Provided information Start Marker

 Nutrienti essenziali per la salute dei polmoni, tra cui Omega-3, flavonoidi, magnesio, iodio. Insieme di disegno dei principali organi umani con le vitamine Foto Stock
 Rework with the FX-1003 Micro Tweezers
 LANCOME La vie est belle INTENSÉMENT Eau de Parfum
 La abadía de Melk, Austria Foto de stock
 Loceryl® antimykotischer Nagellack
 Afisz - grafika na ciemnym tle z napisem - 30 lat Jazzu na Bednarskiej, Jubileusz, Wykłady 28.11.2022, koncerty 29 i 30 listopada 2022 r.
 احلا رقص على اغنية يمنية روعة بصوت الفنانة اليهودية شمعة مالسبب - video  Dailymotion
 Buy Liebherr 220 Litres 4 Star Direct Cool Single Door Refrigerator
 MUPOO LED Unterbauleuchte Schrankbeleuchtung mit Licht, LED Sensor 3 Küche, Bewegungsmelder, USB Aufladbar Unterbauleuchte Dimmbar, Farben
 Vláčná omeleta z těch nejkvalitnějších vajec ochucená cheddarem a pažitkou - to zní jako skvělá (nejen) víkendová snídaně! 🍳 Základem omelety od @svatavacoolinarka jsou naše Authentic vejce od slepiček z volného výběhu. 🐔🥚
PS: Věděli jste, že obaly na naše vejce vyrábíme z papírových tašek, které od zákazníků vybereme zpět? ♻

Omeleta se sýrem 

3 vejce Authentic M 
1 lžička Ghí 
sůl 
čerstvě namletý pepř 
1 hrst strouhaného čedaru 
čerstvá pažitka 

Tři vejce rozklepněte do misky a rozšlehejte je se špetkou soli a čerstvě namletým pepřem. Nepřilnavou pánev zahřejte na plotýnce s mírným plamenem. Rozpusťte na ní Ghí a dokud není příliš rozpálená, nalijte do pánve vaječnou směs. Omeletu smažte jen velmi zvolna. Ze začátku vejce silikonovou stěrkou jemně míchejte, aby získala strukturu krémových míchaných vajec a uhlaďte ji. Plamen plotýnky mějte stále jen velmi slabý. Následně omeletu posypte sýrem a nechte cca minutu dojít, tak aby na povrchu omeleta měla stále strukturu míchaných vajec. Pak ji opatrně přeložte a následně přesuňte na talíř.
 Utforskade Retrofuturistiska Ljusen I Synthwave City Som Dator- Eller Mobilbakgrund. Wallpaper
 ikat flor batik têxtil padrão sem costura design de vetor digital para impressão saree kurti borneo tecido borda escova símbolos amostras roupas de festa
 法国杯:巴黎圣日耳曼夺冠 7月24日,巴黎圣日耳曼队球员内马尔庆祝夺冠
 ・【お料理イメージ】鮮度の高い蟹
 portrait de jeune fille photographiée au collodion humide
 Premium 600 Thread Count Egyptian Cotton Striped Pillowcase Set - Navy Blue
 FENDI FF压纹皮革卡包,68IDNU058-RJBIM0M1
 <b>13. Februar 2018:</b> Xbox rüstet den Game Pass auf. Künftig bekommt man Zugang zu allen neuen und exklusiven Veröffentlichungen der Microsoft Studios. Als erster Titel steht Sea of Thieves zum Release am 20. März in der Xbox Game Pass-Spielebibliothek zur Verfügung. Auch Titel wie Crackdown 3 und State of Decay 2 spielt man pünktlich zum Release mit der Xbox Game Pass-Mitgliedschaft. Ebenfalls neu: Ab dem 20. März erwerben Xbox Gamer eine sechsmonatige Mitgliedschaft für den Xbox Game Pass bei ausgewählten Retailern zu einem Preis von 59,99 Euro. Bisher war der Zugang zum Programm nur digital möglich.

Provided information End Marker

_Directions for this task_
Precisely as given, transcribe all of the entries above.

_Expected answer_
 Nutrienti essenziali per la salute dei polmoni, tra cui Omega-3, flavonoidi, magnesio, iodio. Insieme di disegno dei principali organi umani con le vitamine Foto Stock
 Rework with the FX-1003 Micro Tweezers
 LANCOME La vie est belle INTENSÉMENT Eau de Parfum
 La abadía de Melk, Austria Foto de stock
 Loceryl® antimykotischer Nagellack
 Afisz - grafika na ciemnym tle z napisem - 30 lat Jazzu na Bednarskiej, Jubileusz, Wykłady 28.11.2022, koncerty 29 i 30 listopada 2022 r.
 احلا رقص على اغنية يمنية روعة بصوت الفنانة اليهودية شمعة مالسبب - video  Dailymotion
 Buy Liebherr 220 Litres 4 Star Direct Cool Single Door Refrigerator
 MUPOO LED Unterbauleuchte Schrankbeleuchtung mit Licht, LED Sensor 3 Küche, Bewegungsmelder, USB Aufladbar Unterbauleuchte Dimmbar, Farben
 Vláčná omeleta z těch nejkvalitnějších vajec ochucená cheddarem a pažitkou - to zní jako skvělá (nejen) víkendová snídaně! 🍳 Základem omelety od @svatavacoolinarka jsou naše Authentic vejce od slepiček z volného výběhu. 🐔🥚
PS: Věděli jste, že obaly na naše vejce vyrábíme z papírových tašek, které od zákazníků vybereme zpět? ♻

Omeleta se sýrem 

3 vejce Authentic M 
1 lžička Ghí 
sůl 
čerstvě namletý pepř 
1 hrst strouhaného čedaru 
čerstvá pažitka 

Tři vejce rozklepněte do misky a rozšlehejte je se špetkou soli a čerstvě namletým pepřem. Nepřilnavou pánev zahřejte na plotýnce s mírným plamenem. Rozpusťte na ní Ghí a dokud není příliš rozpálená, nalijte do pánve vaječnou směs. Omeletu smažte jen velmi zvolna. Ze začátku vejce silikonovou stěrkou jemně míchejte, aby získala strukturu krémových míchaných vajec a uhlaďte ji. Plamen plotýnky mějte stále jen velmi slabý. Následně omeletu posypte sýrem a nechte cca minutu dojít, tak aby na povrchu omeleta měla stále strukturu míchaných vajec. Pak ji opatrně přeložte a následně přesuňte na talíř.
 Utforskade Retrofuturistiska Ljusen I Synthwave City Som Dator- Eller Mobilbakgrund. Wallpaper
 ikat flor batik têxtil padrão sem costura design de vetor digital para impressão saree kurti borneo tecido borda escova símbolos amostras roupas de festa
 法国杯:巴黎圣日耳曼夺冠 7月24日,巴黎圣日耳曼队球员内马尔庆祝夺冠
 ・【お料理イメージ】鮮度の高い蟹
 portrait de jeune fille photographiée au collodion humide
 Premium 600 Thread Count Egyptian Cotton Striped Pillowcase Set - Navy Blue
 FENDI FF压纹皮革卡包,68IDNU058-RJBIM0M1
 <b>13. Februar 2018:</b> Xbox rüstet den Game Pass auf. Künftig bekommt man Zugang zu allen neuen und exklusiven Veröffentlichungen der Microsoft Studios. Als erster Titel steht Sea of Thieves zum Release am 20. März in der Xbox Game Pass-Spielebibliothek zur Verfügung. Auch Titel wie Crackdown 3 und State of Decay 2 spielt man pünktlich zum Release mit der Xbox Game Pass-Mitgliedschaft. Ebenfalls neu: Ab dem 20. März erwerben Xbox Gamer eine sechsmonatige Mitgliedschaft für den Xbox Game Pass bei ausgewählten Retailern zu einem Preis von 59,99 Euro. Bisher war der Zugang zum Programm nur digital möglich.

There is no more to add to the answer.